--- DATA ---

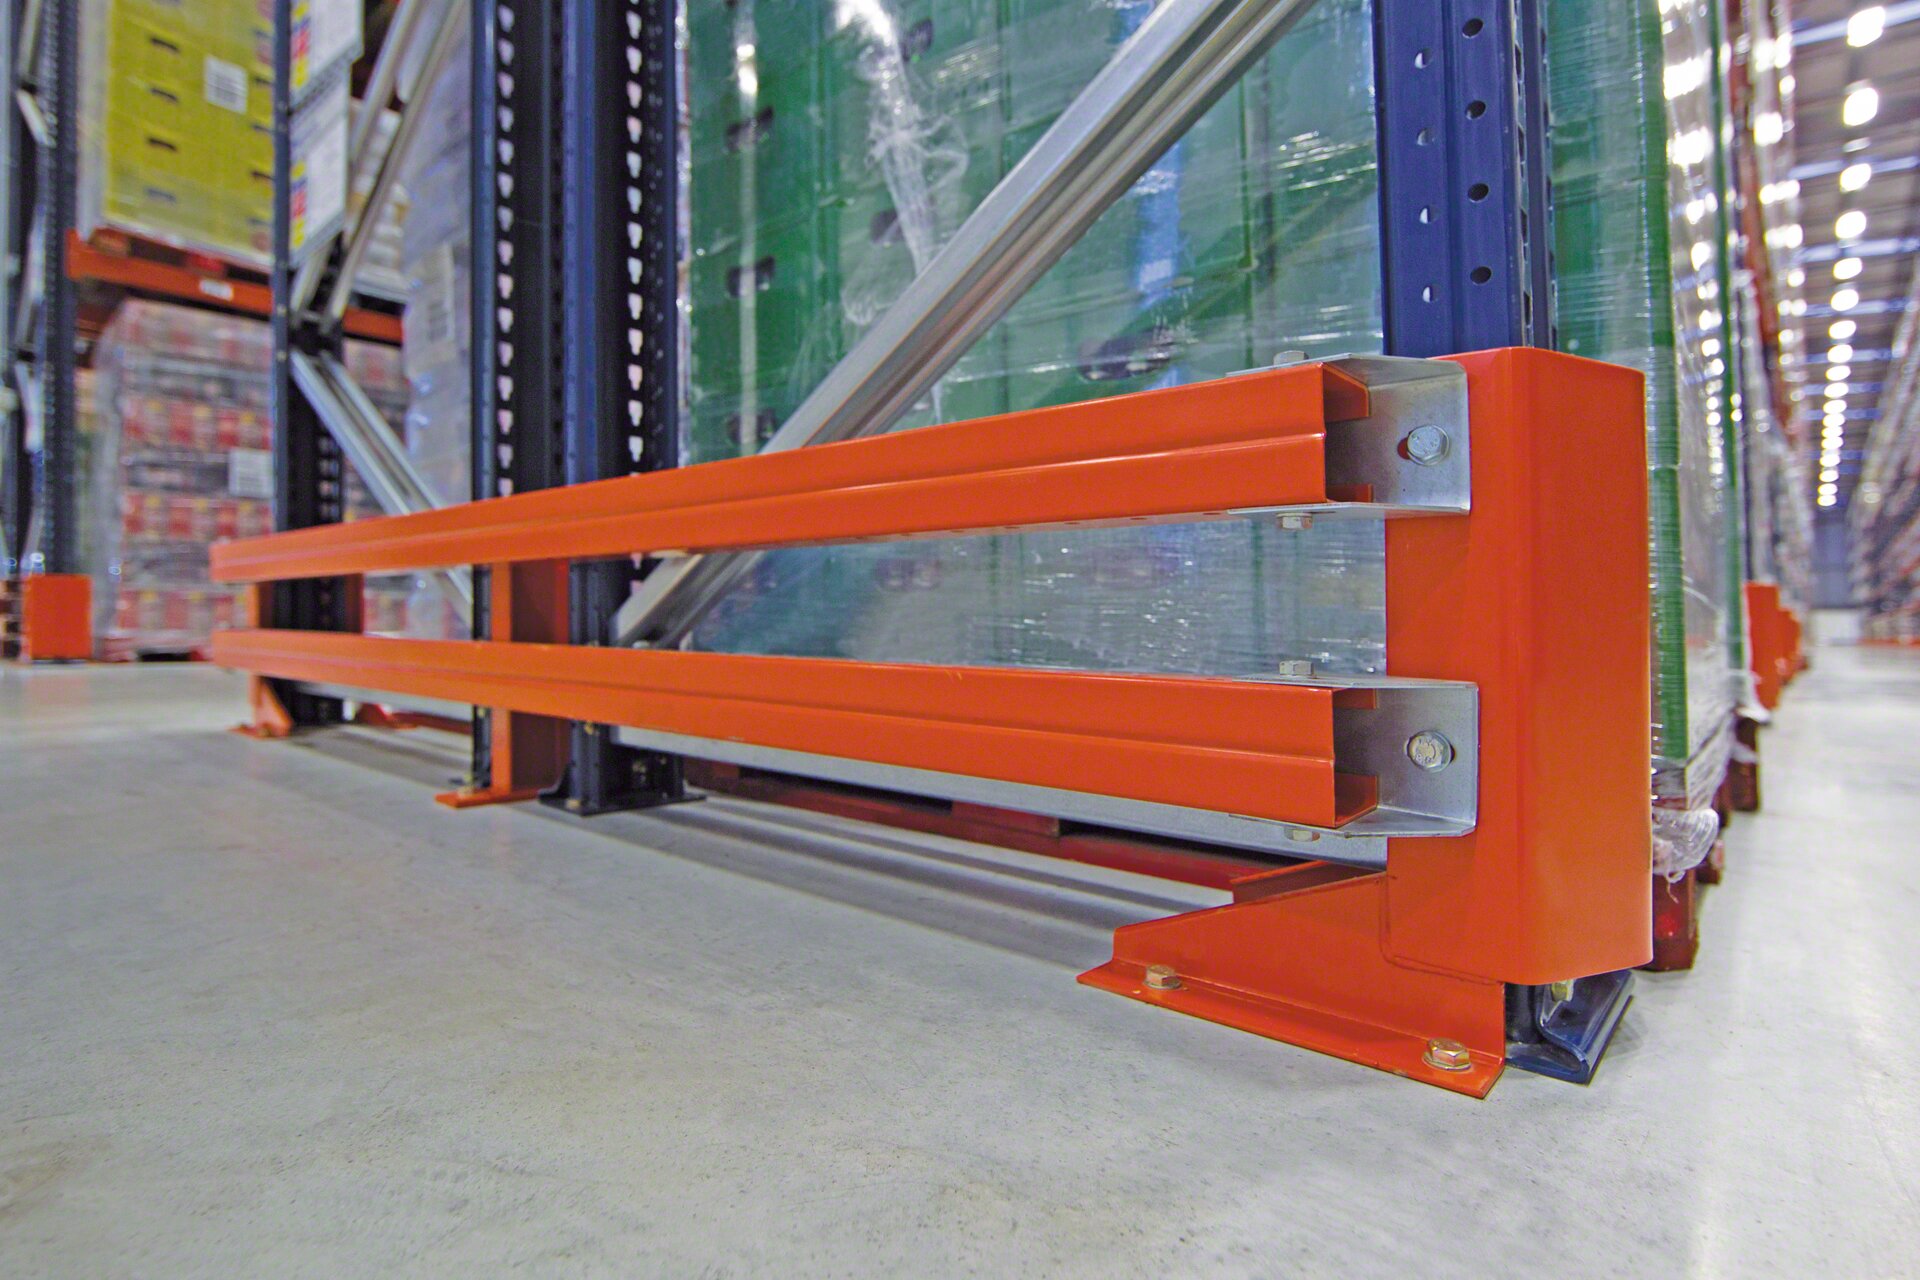 Protectors absorb minor impacts and safeguard the pallet racking
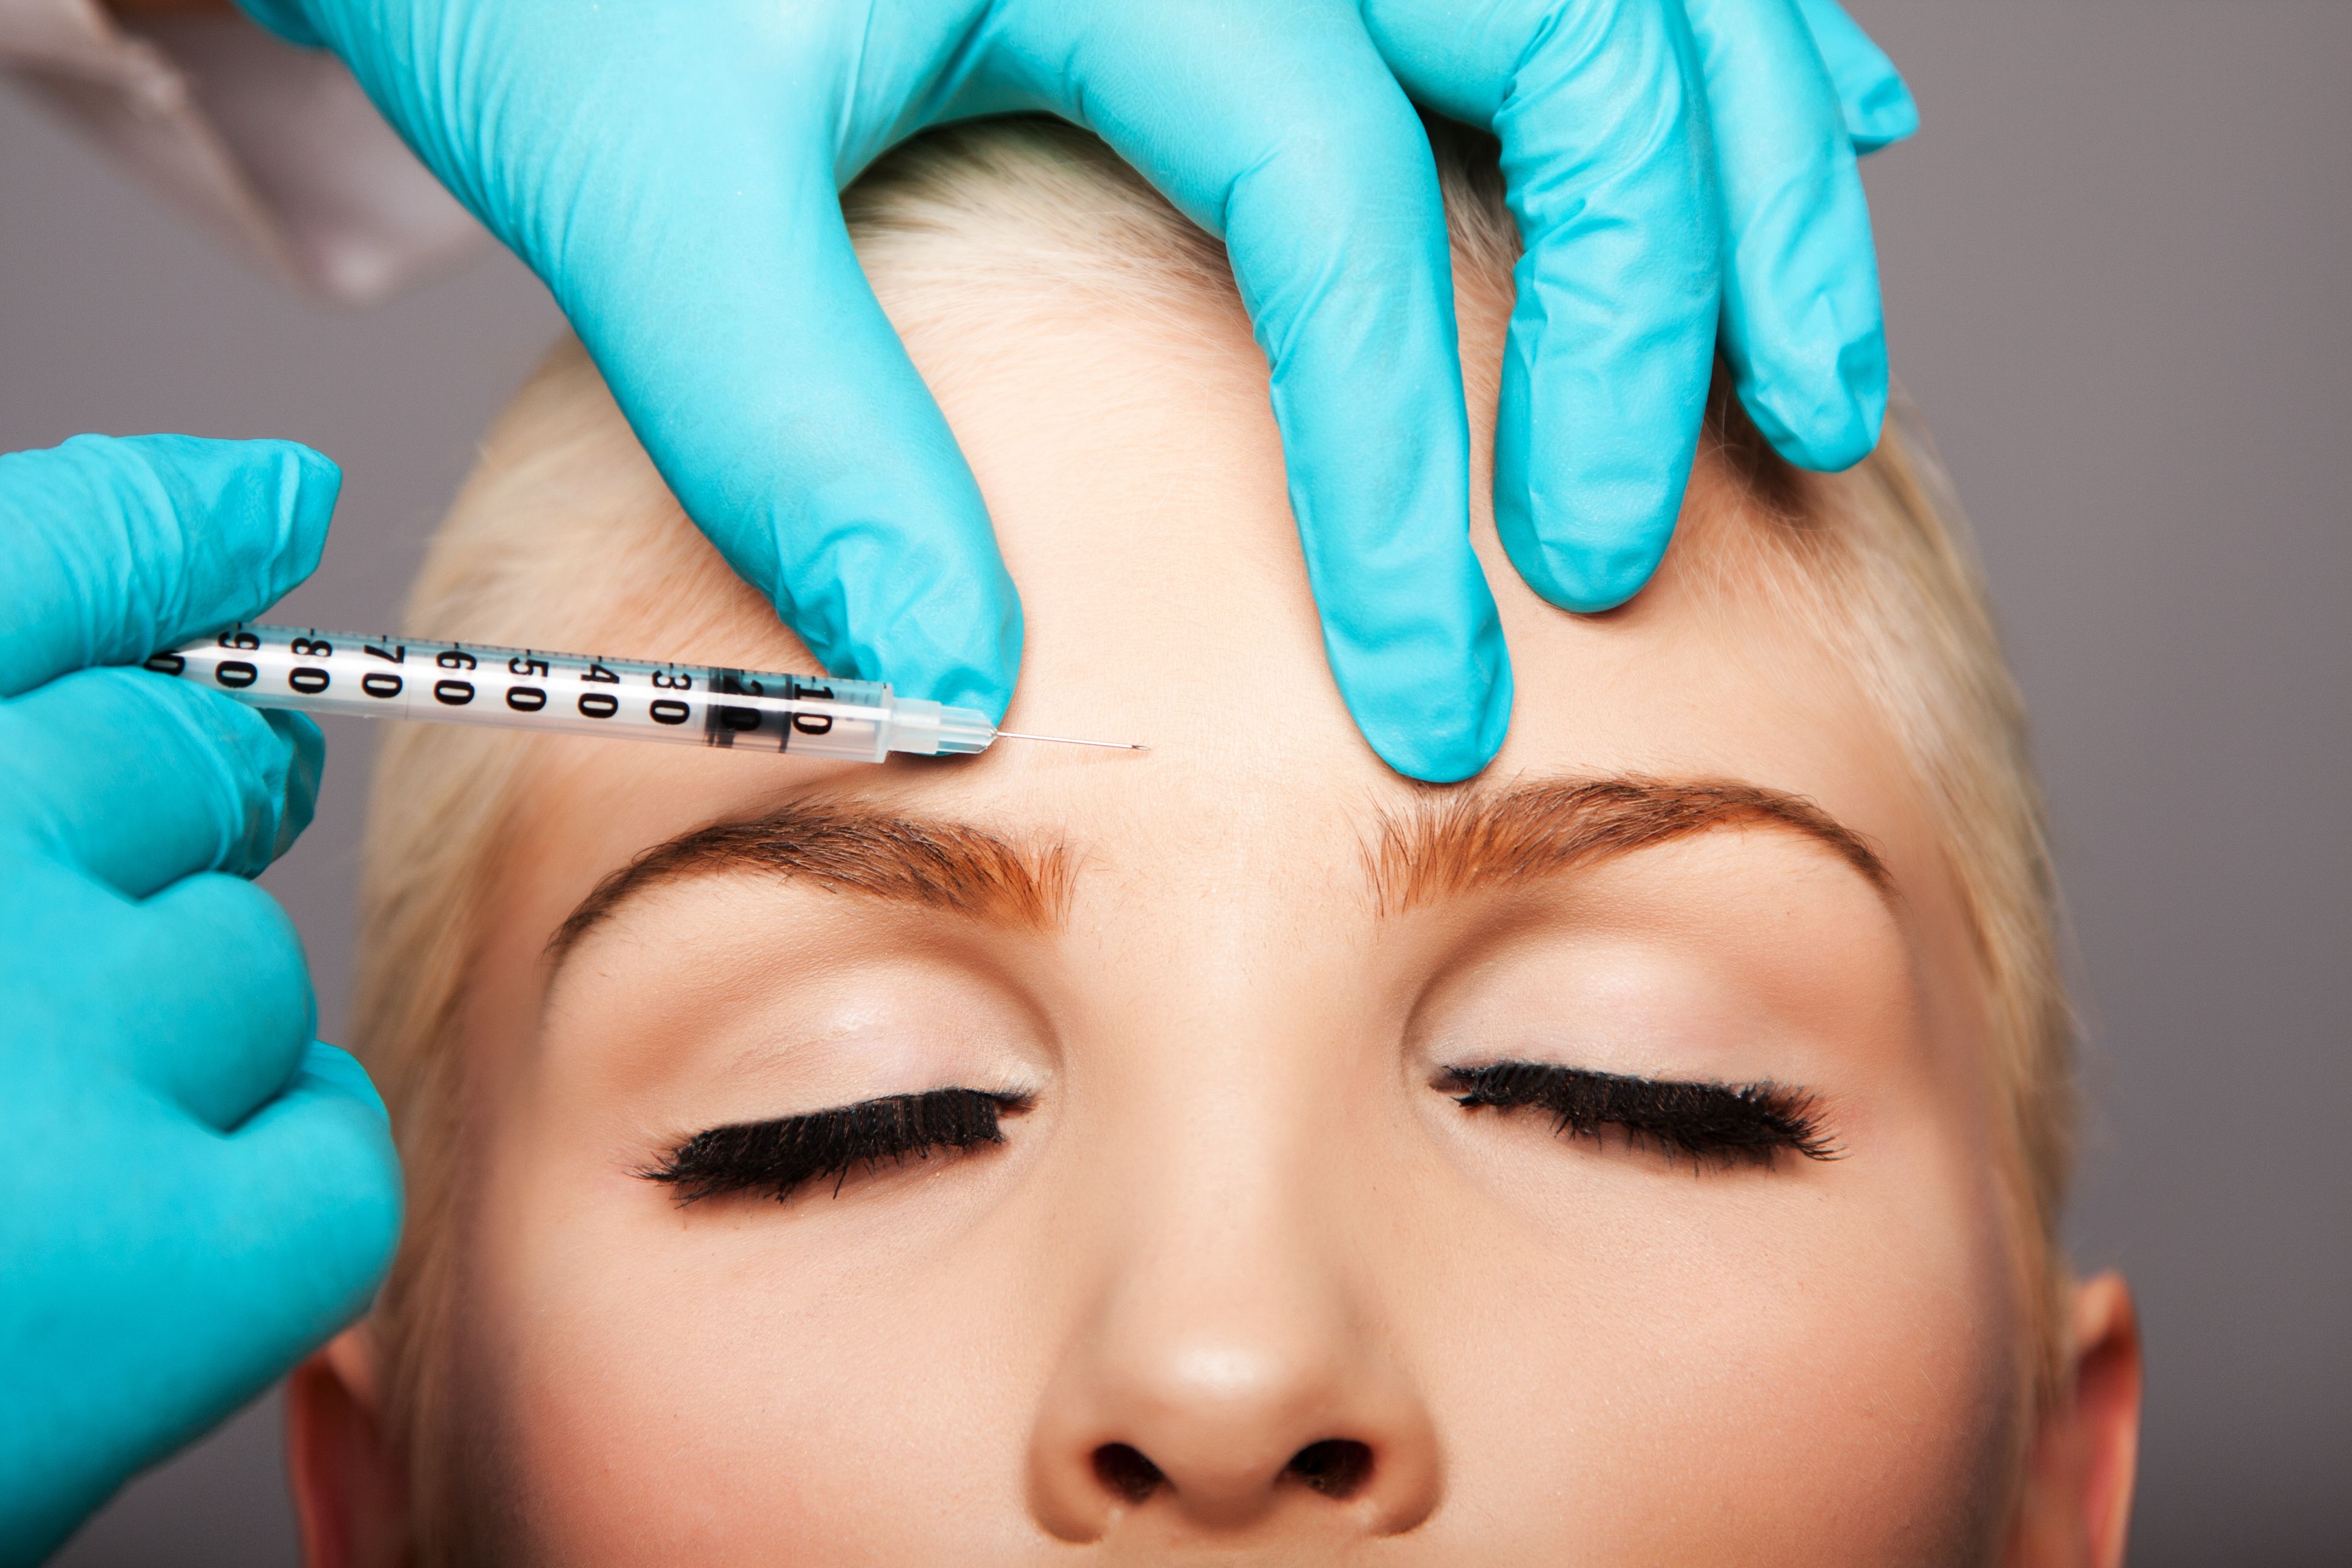 Questions To Ask Yourself Before Getting A Botox Injection
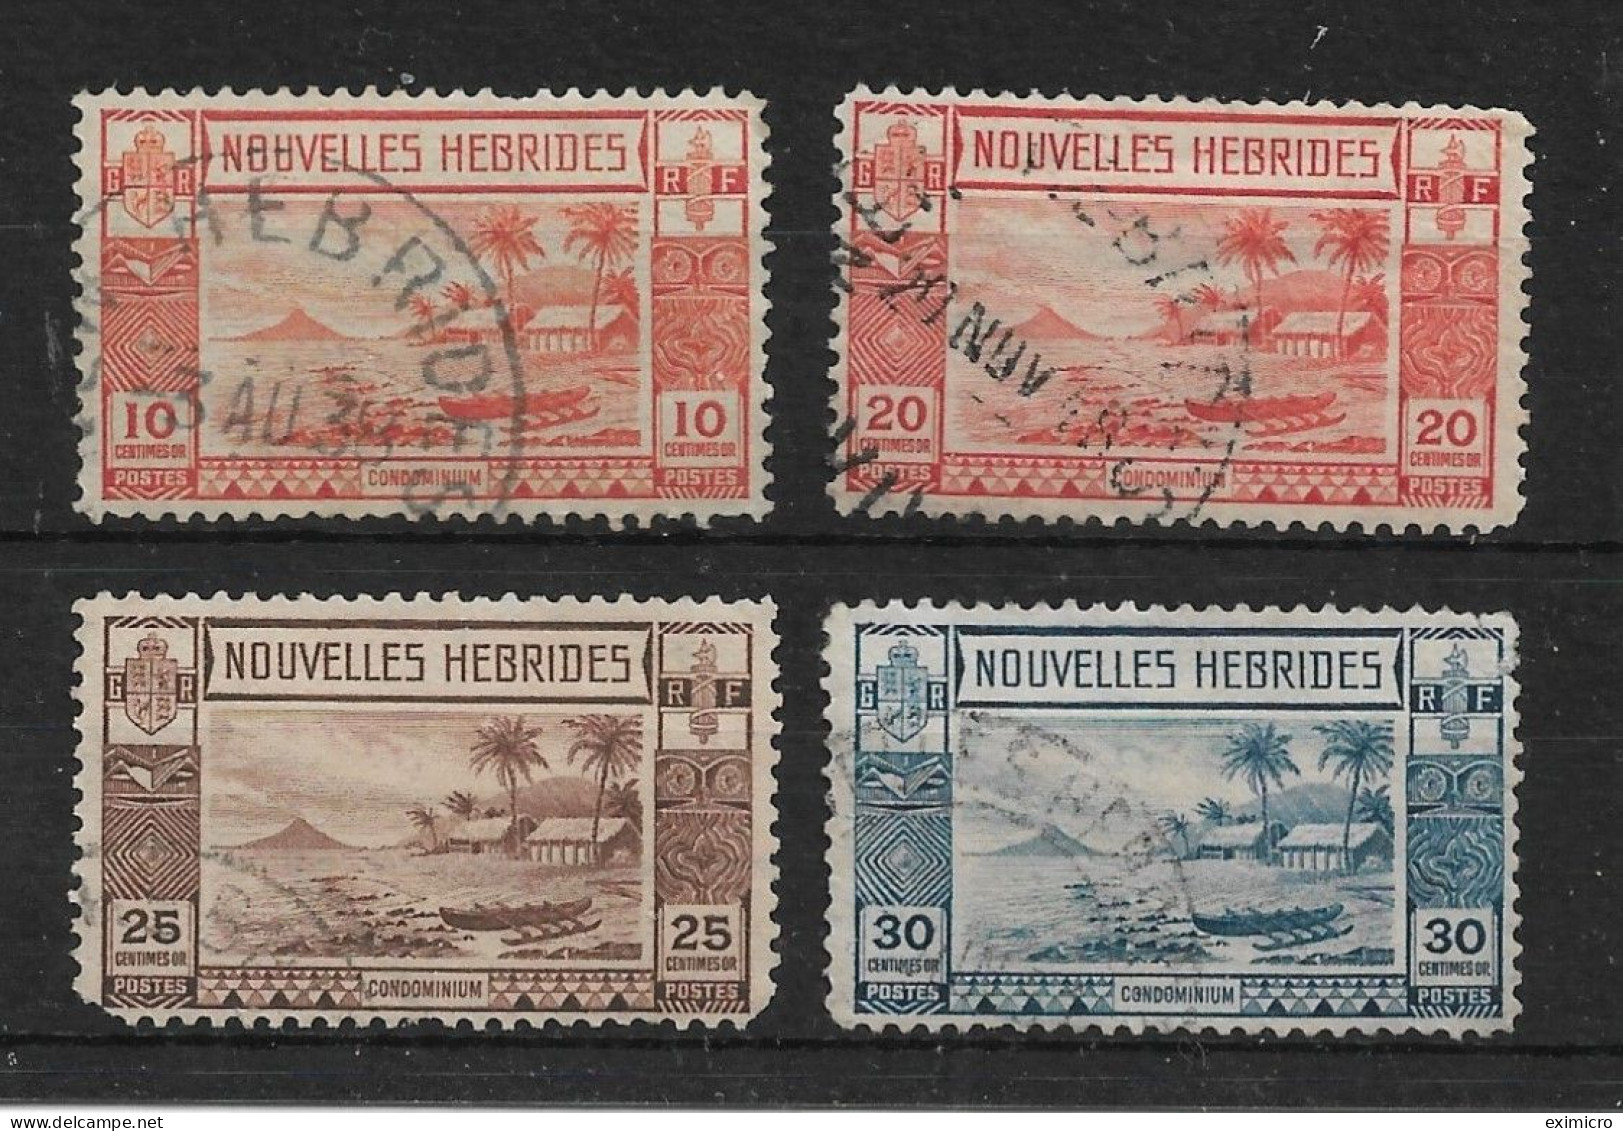 NEW HEBRIDES (FRENCH CURRENCY) 1938 10c, 20c, 25c, 30c SG F54, F56, F57, F58 FINE USED Cat £26 - Oblitérés

---

WORK ORDER:
Word for word, quote the lines above. Omit the pictures.

FINISHED TASK:
 Protectors absorb minor impacts and safeguard the pallet racking
 Questions To Ask Yourself Before Getting A Botox Injection
 NEW HEBRIDES (FRENCH CURRENCY) 1938 10c, 20c, 25c, 30c SG F54, F56, F57, F58 FINE USED Cat £26 - Oblitérés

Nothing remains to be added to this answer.